Debris lay in a broad sweep between the two ships, and they followed this back to the Erebus, passing the few stragglers who remained out in the open.
On November the 3rd James Fairholme, delirious and suffering as acutely as ever, fell from his bed and was racked by his most severe fit yet.
Stanley called for help to restrain him and then diagnosed the violent spasm as an attack of grand mal. Goodsir agreed with this, and together they lifted the sedated Fairholme back onto his bed, where they fastened leather straps across his arms, chest and shins, careful not to bruise any further the skin which already barely covered his bones.
He came round several hours later, rational and calm after his convulsions, and calling for Stanley he told him that he had gone blind as a result of his seizure.
Stanley examined his eyes, and said that he believed the injury was only temporary and that his vision would return.
Fairholme made no objection to the straps which restrained him, but complained that his chest ached where the broadest of them held him down. Stanley adjusted this, noticing as he did so that new weals had appeared along the line of Fairholme’s ribs, suggesting that some had been fractured as a result of his fall. He bathed and dressed these before bandaging his eyes. He knew that Fairholme was aware of his uncertainty regarding his lost sight, and hoped that he did not misinterpret his remarks as a deliberate deceit. To Goodsir, Stanley confided his surprise that Fairholme had endured his injuries and suffering for so long while other men who had suffered for only a fraction of that time had continually complained of their pain and demanded to have it alleviated at every opportunity and by any means available.
Neither man could be certain if Fairholme’s blindness was a direct consequence of his fit, or simply a further stage in the grisly progress of the disease from which he was suffering. He now weighed less than five stone, could not stand una
ided, and on some days could barely raise his head to acknowledge whoever had gone in to sit with him and keep him company. Every joint in his body was swollen, and all his hair and most of his teeth had fallen out. It was not uncommon for both Stanley and Goodsir to pause each morning before entering to treat him in the expectation of finding him dead.
He became delirious again two days later, demanding to know why he had been taken out on the ice and why this had been laid in slabs upon him. He demanded to speak to Franklin, and then to know why his eyes had been bound, what it was they were trying to prevent him from seeing.

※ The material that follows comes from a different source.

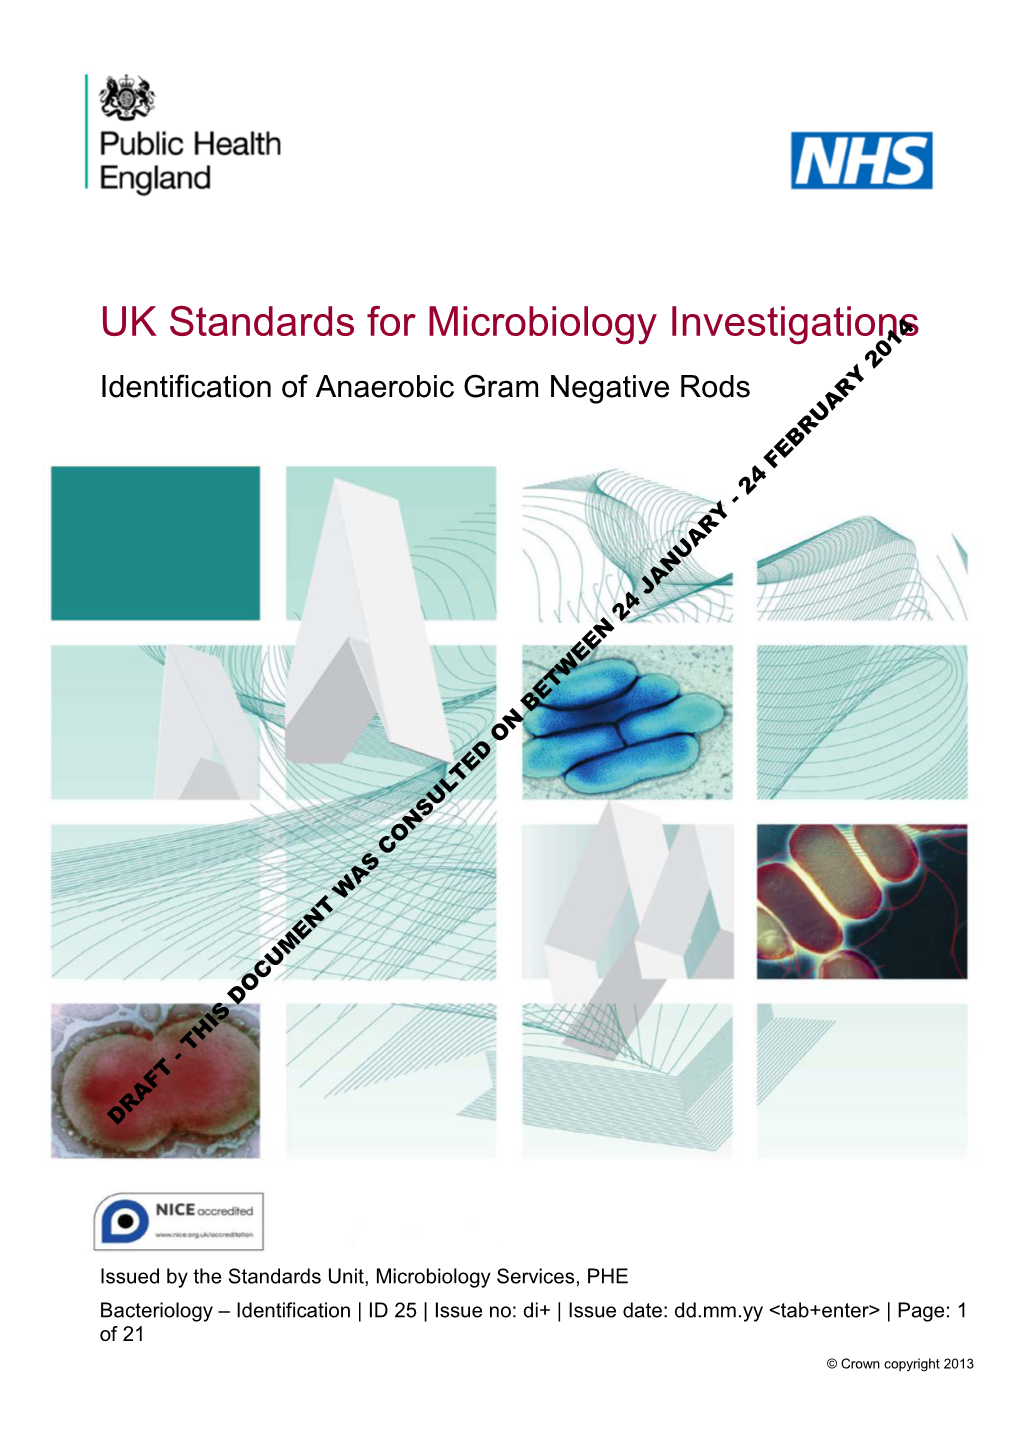 Identification of Anaerobic Gram Negative Rods

There was nothing they could do for him except wait for the rigors of his delirium to subside and protect him from inflicting any further physical harm upon himself.
A week later even his short periods of rationality ceased, and he recognized no one who visited him, railing viciously against them for what was happening to him. He began to bleed uncontrollably from almost every orifice—his ears, nose, mouth and rectum—and the next day, after a further violent seizure during which he called repeatedly for his wife and children, he died, falling suddenly silent, his entire body straining in a painful curve before collapsing and finally settling in a succession of gentle waves which caused his bloody wasted corpse to tremble in its straps.

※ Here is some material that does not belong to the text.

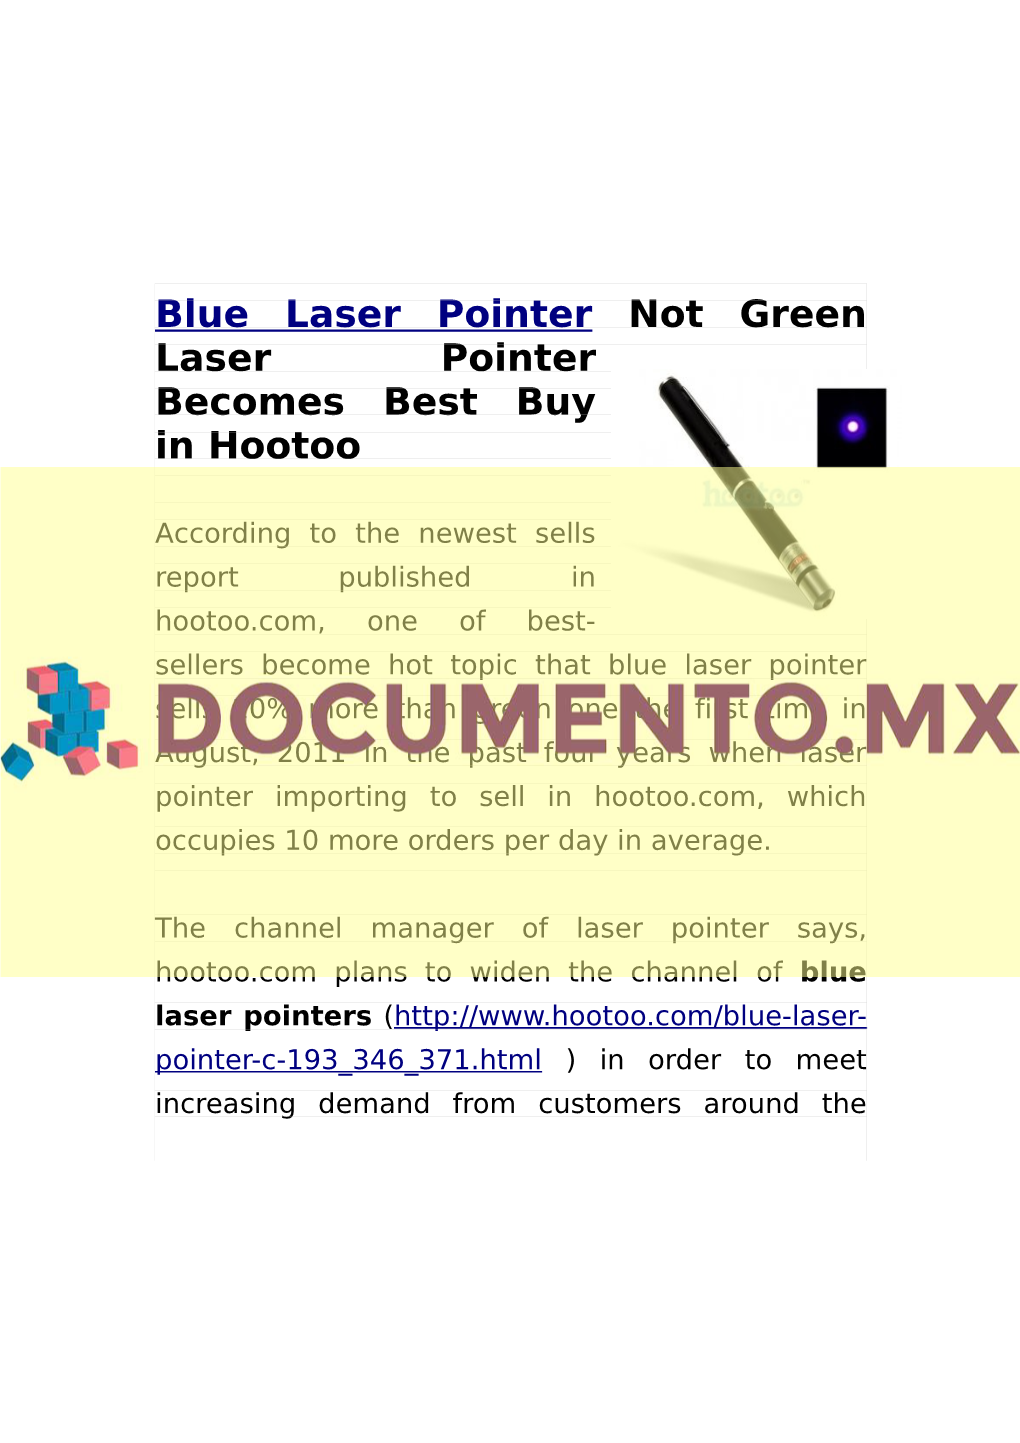 Blue Laser Pointers

Goodsir was with him when this happened, and realizing what he was witnessing, he called for Stanley and Fitzjames. Others arrived with them, and upon silently acknowledging that Fairholme was beyond their help, they all assisted in unfastening his body, covering it with a clean sheet and then lifting it from the bed, all of them shocked by the looseness of his bones and the way in which it felt as though they were holding these in their hands without the intervening comfort of flesh or skin or sheet.
“James Walter Fairholme,” Fitzjames said over the shrouded corpse, the rhythm and solidity of the names a solemn litany, enlivened only by the affection with which they were spoken.